Often an experience like this is undramatic and occurs without notice. Only afterwards do we see what Christ’s spirit has been doing to our lives. This seems to have been the experience of the disciples after Jesus’ crucifixion. The gospels say that they fled to Galilee and presumably began to take up their former lives. They were deeply shattered by Jesus’ death and began to think that it had all been for nothing. So they resumed their fishing, their tax collecting, their trades and whatever ways of life had been theirs before going off with Jesus.

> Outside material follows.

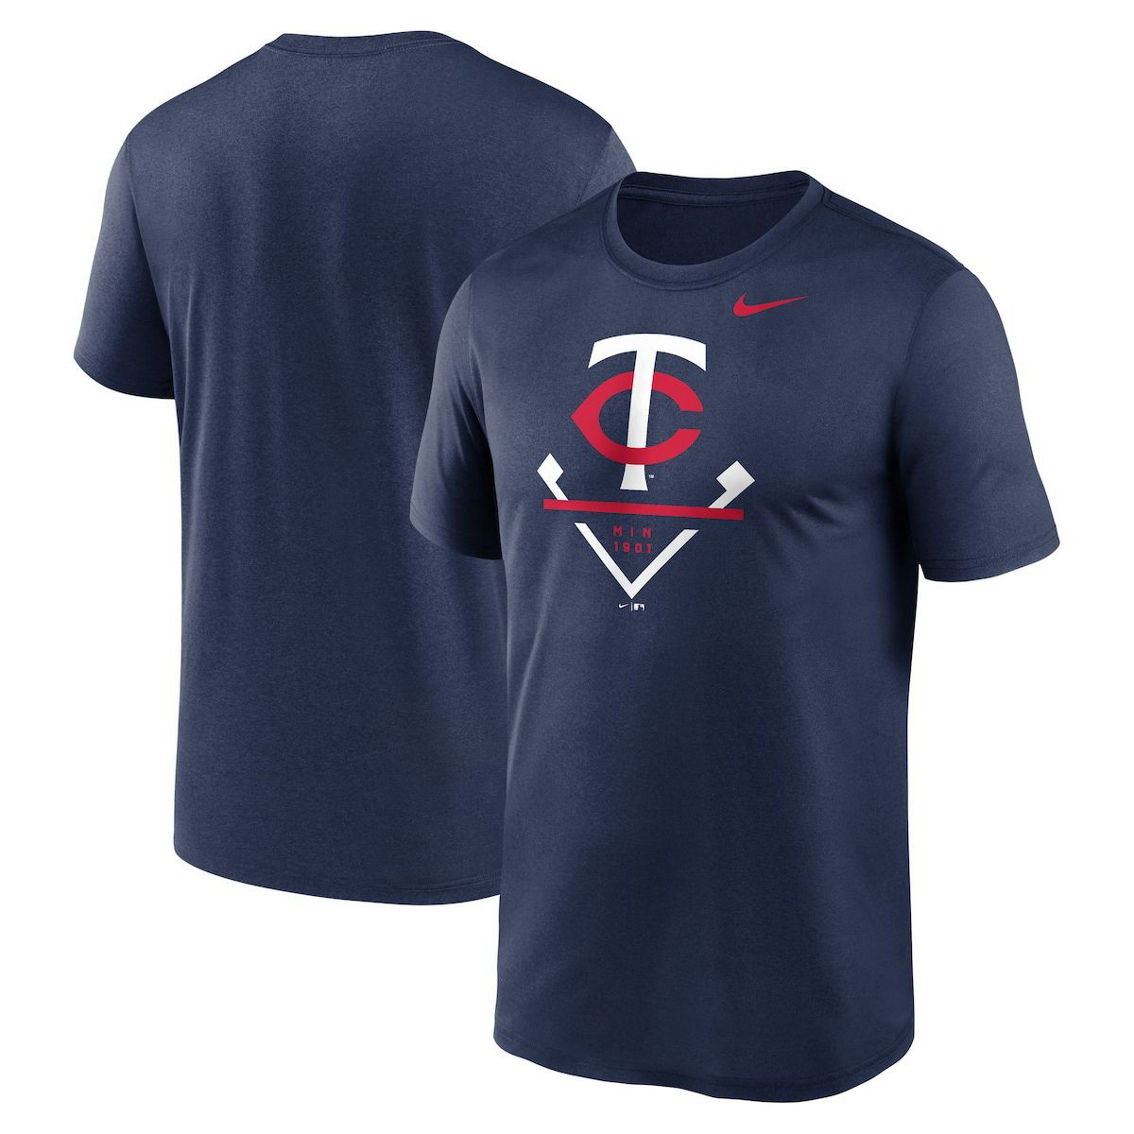 Nike Men's Navy Minnesota Twins Icon Legend T-Shirt - Image 2 of 4

Then they began to discover something strange about themselves. It became apparent that they were not the same persons they had seen before Jesus. Somehow they couldn’t settle down again to their former way of life. Something seemed to be different. Indeed, they were different persons, the sort that C. S. Lewis was talking about. In personal meditation, or in coversation with the other followers of Jesus, they found themselves professing that they really did trust God, that they did forgive others, that they had an intense desire to please God. Most of all, they felt compelled to take up the message and work of Christ again. Without fanfare, the second fire of Christ’s spirit had done its work of change. If we have any gospel good news at all, it will not neglect to speak about this.

So Christ is "fire" in a double sense. He is the fire of God’s judgment. He tells us that we are living dangerously, that without God we are part of no lasting future, and that we have no real present joys and satisfactions. Christ is also the warming fire of the transforming power of the spirit, forming us into happy sons and daughters of God, with lives and deeds to match. Both these fires of Christ are essential to our spiritual pilgrimage and neither can say it all alone. "I came to cast fire upon the earth ..." So did this Promethean Christ.